La passion de Jeanne

Michelle Tisseyre
(Robert Laffont) (350p.)

Pour son premier roman, Michelle Tisseyre a voulu nous raconter une partie de la vie de sa grand-mère maternelle. L'écriture de l'auteur est remarquable et il est regrettable qu'elle en soit seulement à sa première publication. Les descriptions démontrent une attention particulière au détail et une sensibilité à l'entourage immédiat du personnage principal.

Jeanne, jeune femme, au début du siècle, vit dans la richesse et l'abondance. Sa mère veut offir à Dieu son unique fille qu'elle fait entrer chez les carmélites. L'insouciance et l'innocence de Jeanne font qu'elle ne réalise pas immédiatement l'ampleur de cet engagement qu'elle s'apprête à prendre. La maladie et sa tante Florence viendront lui sauver la vie. Florence devient alors un exemple de femme et lui donne l'affection que sa propre mère lui a toujours refusée. Son père étant politicien, Jeanne a la chance de fréquenter les grands personnages du pays de cette époque. Mais rien ne l'impressionne sinon le venue d'un jeune avocat, collaborateur de son père, Mick. Il la demande en mariage et sans le connaître davantage, elle accepte.

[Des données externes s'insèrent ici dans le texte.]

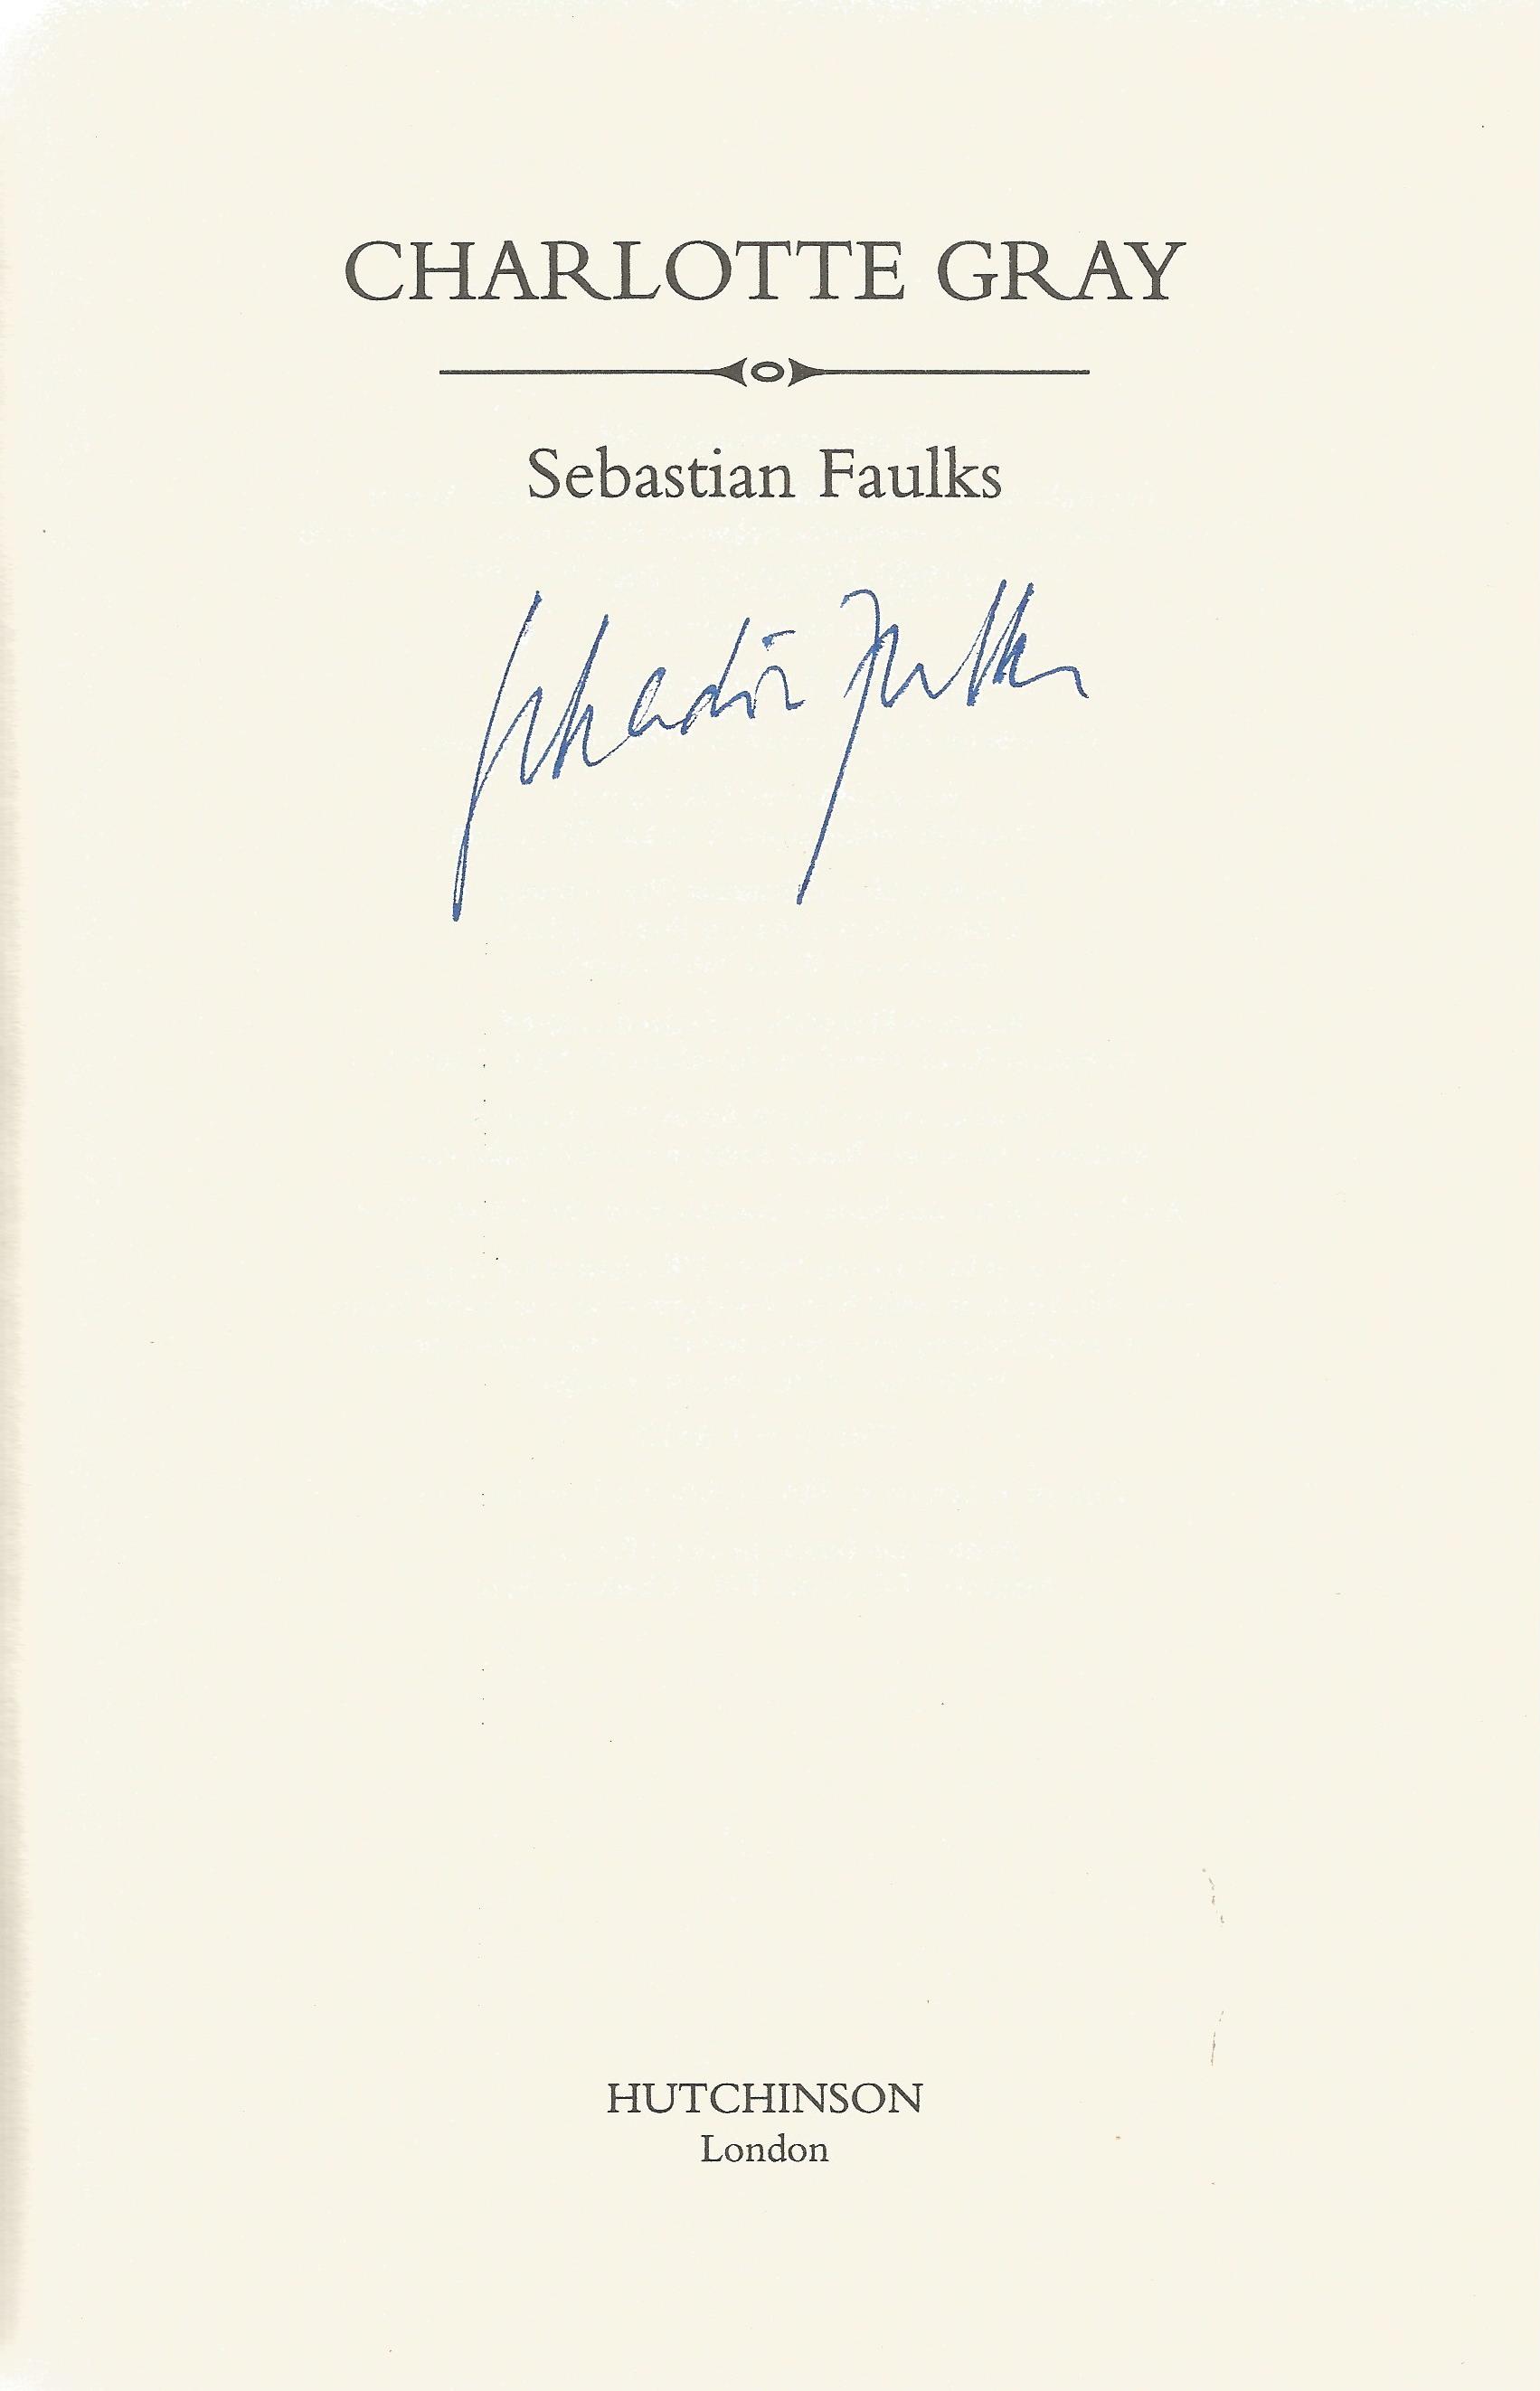 Sebastian Faulks Hardback Book Charlotte Gray signed by the Author on the Title Page dust cover - Image 2 of 2

Jeanne qui était à l'état pur et ignorant même les rapports matrimoniaux se retrouve devant un mari brusque et froid.

Même après la naissance de leur fille, ils ne connaîtreront jamais la paix conjuguale. Ainsi va la vie pour Jeanne, jusqu'au jour où elle fait la rencontre de Vladimir, un bel immigré russe. Promenade après promenade, Jeanne ne vit que pour ces moments intimes avec lui et en revient toujours aussi bouleversée. Malheureusement pour elle et pour nous, il disparaîtra soudainement de sa vie sans crier gare. Jeanne voit alors installer devant elle une vie sans issue...Les années passent ainsi...

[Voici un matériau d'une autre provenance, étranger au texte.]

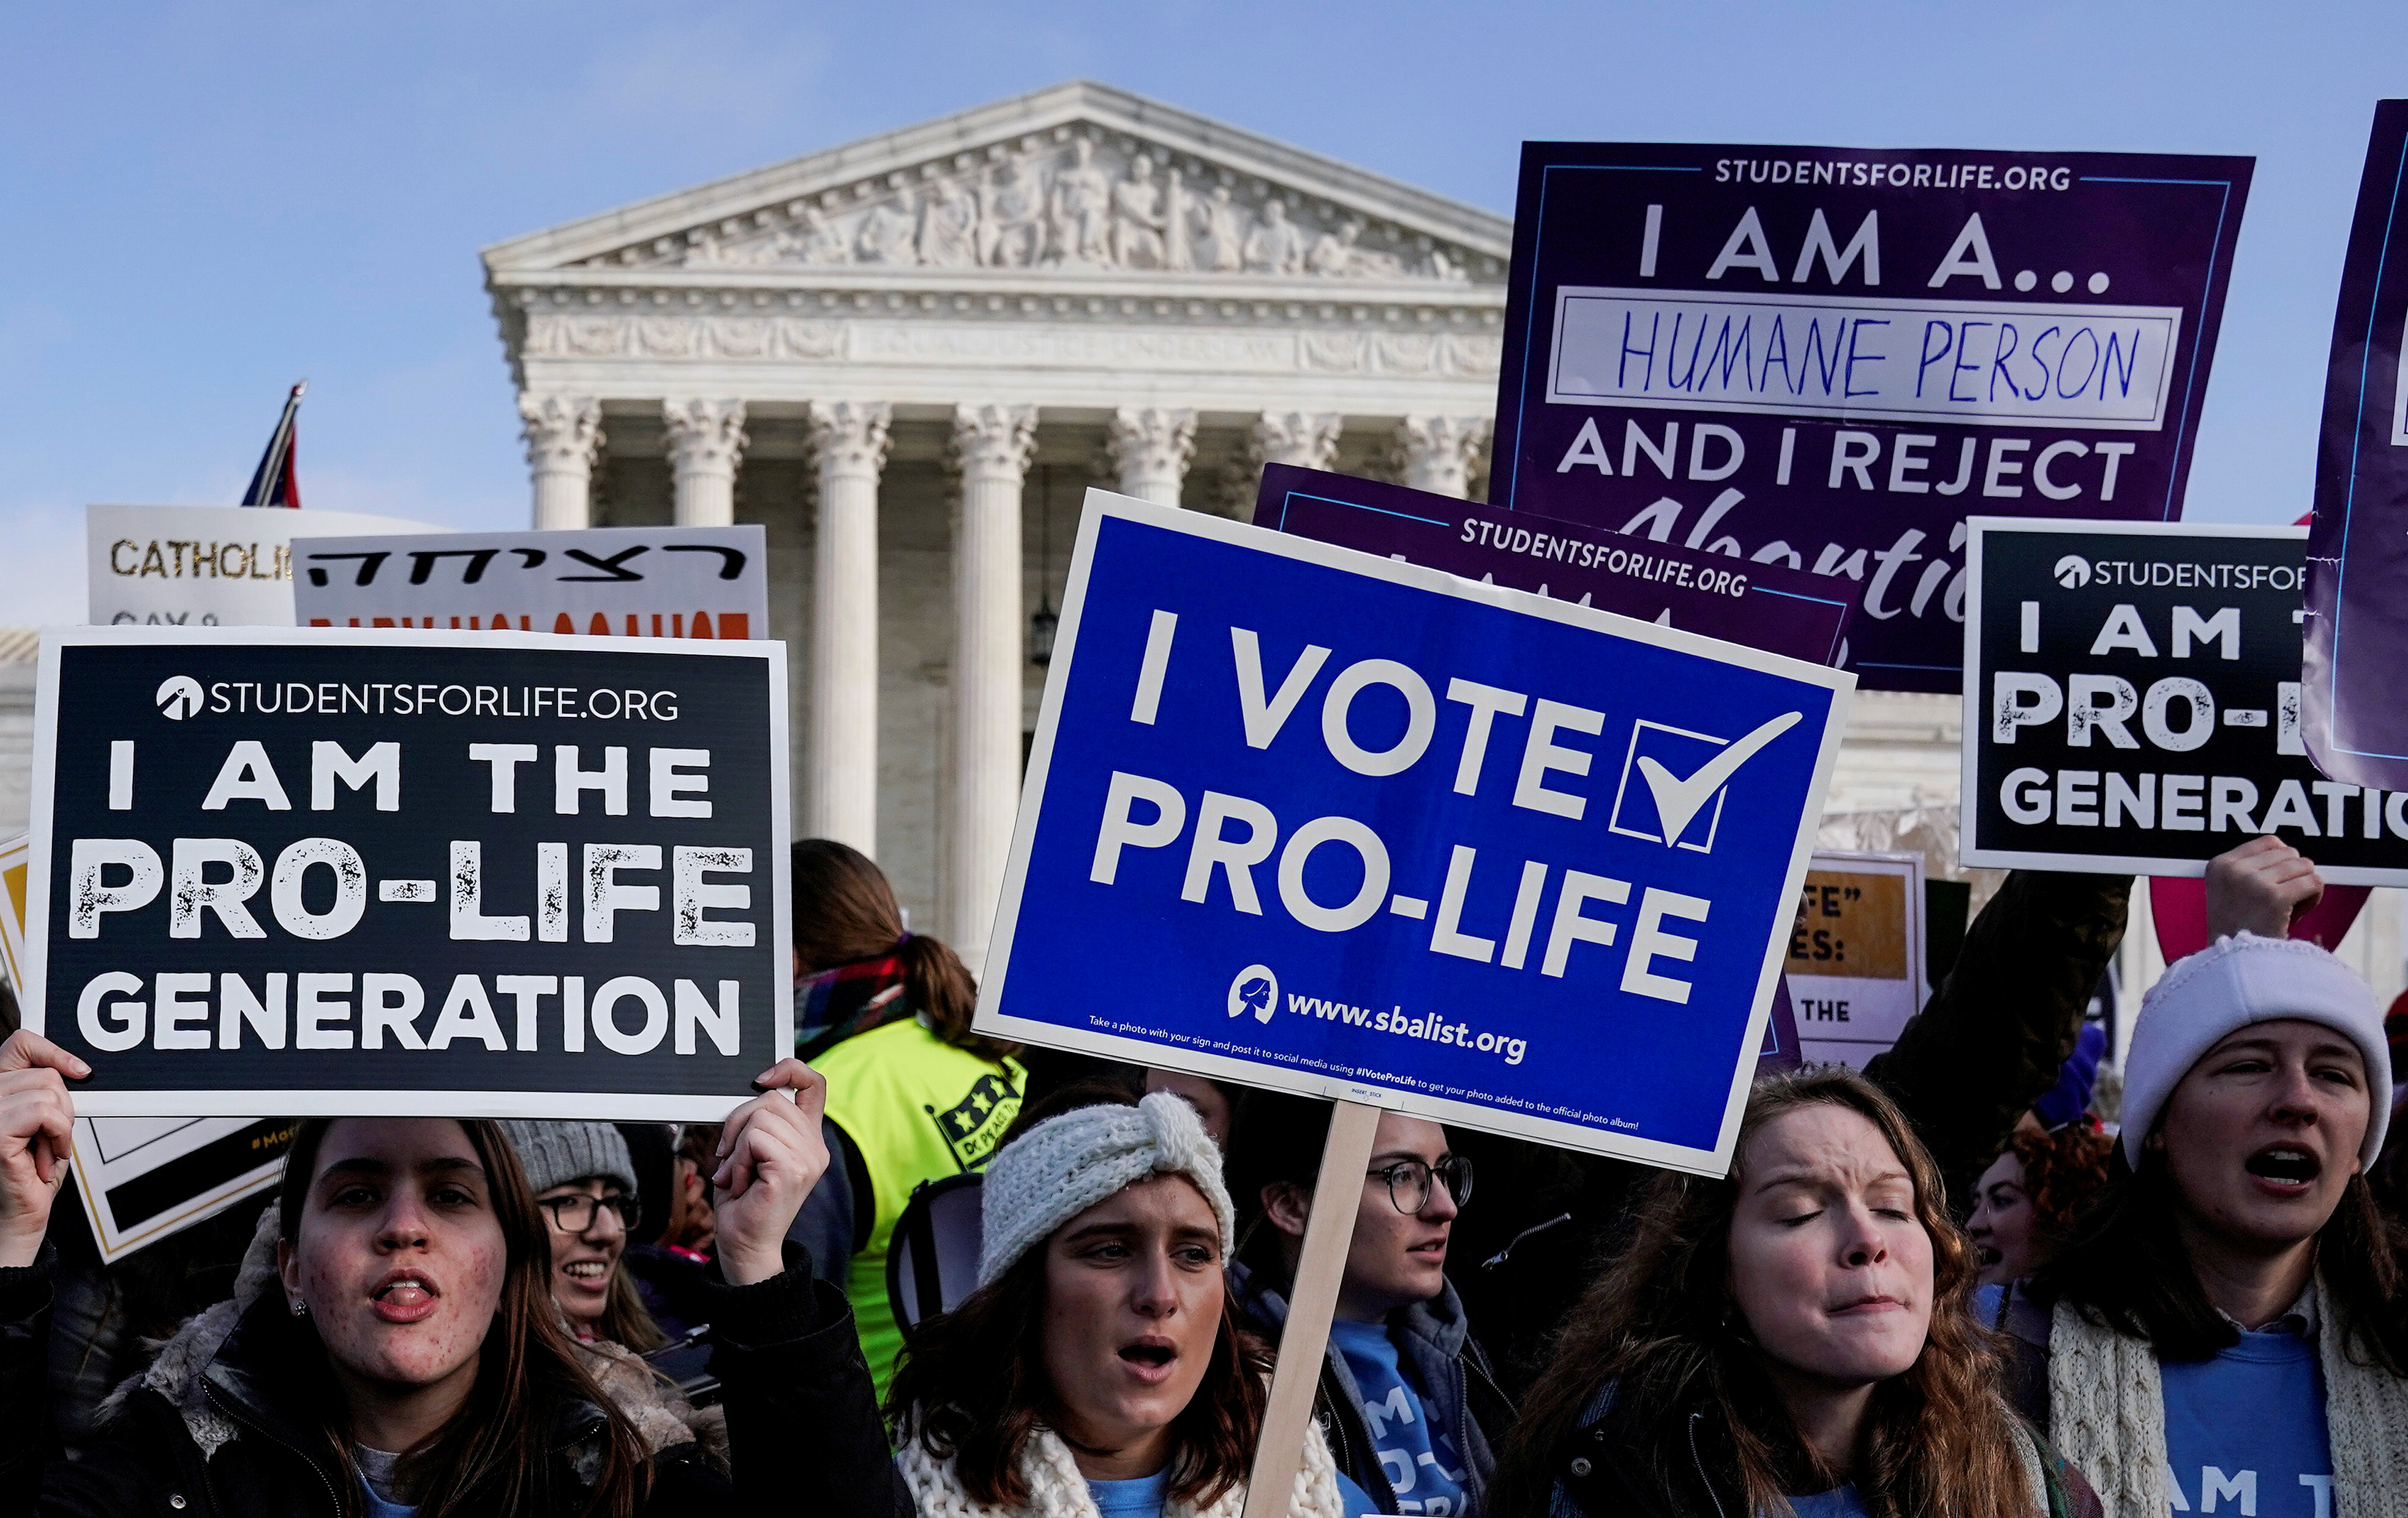 We need to protect the least among us: the unborn | America Magazine

Puis un jour, lors d'une réception, elle rencontre un jeune médecin du nom de Louis. Cet homme lui apporte l'amour, la chaleur et l'attention dont elle a toujours rêvé, mais n'a jamais obtenu de son mari de plus en plus ivre et violent. Elle ne peut plus vivre auprès de Mick qu'elle méprise. Mais en même temps, elle ne peut tolérer d'être séparée de sa fille. Il ne faut pas oublier que nous sommes en 1927 et que la religion dirigeait les consciences des foyers québécois. Il était clair que si une femme quittait son mari, elle lui laissait la garde et devait quitter le pays. Jeanne deviendrait ainsi la honte de la famille et de ses relations...

Jeanne qui n'a jamais pris de décision de sa vie...elle qui s'est toujours sacrifiée pour le bonheur des autres... Je vous laisse deviner sa décision...Dommage que nous ne puissions pas en discuter...

Le milieu dans lequel gravite Jeanne nous permet de découvrir Montréal de la haute société au début du siècle. En terminant, je suggère ce roman comme lecture d'été car il se lit facilement.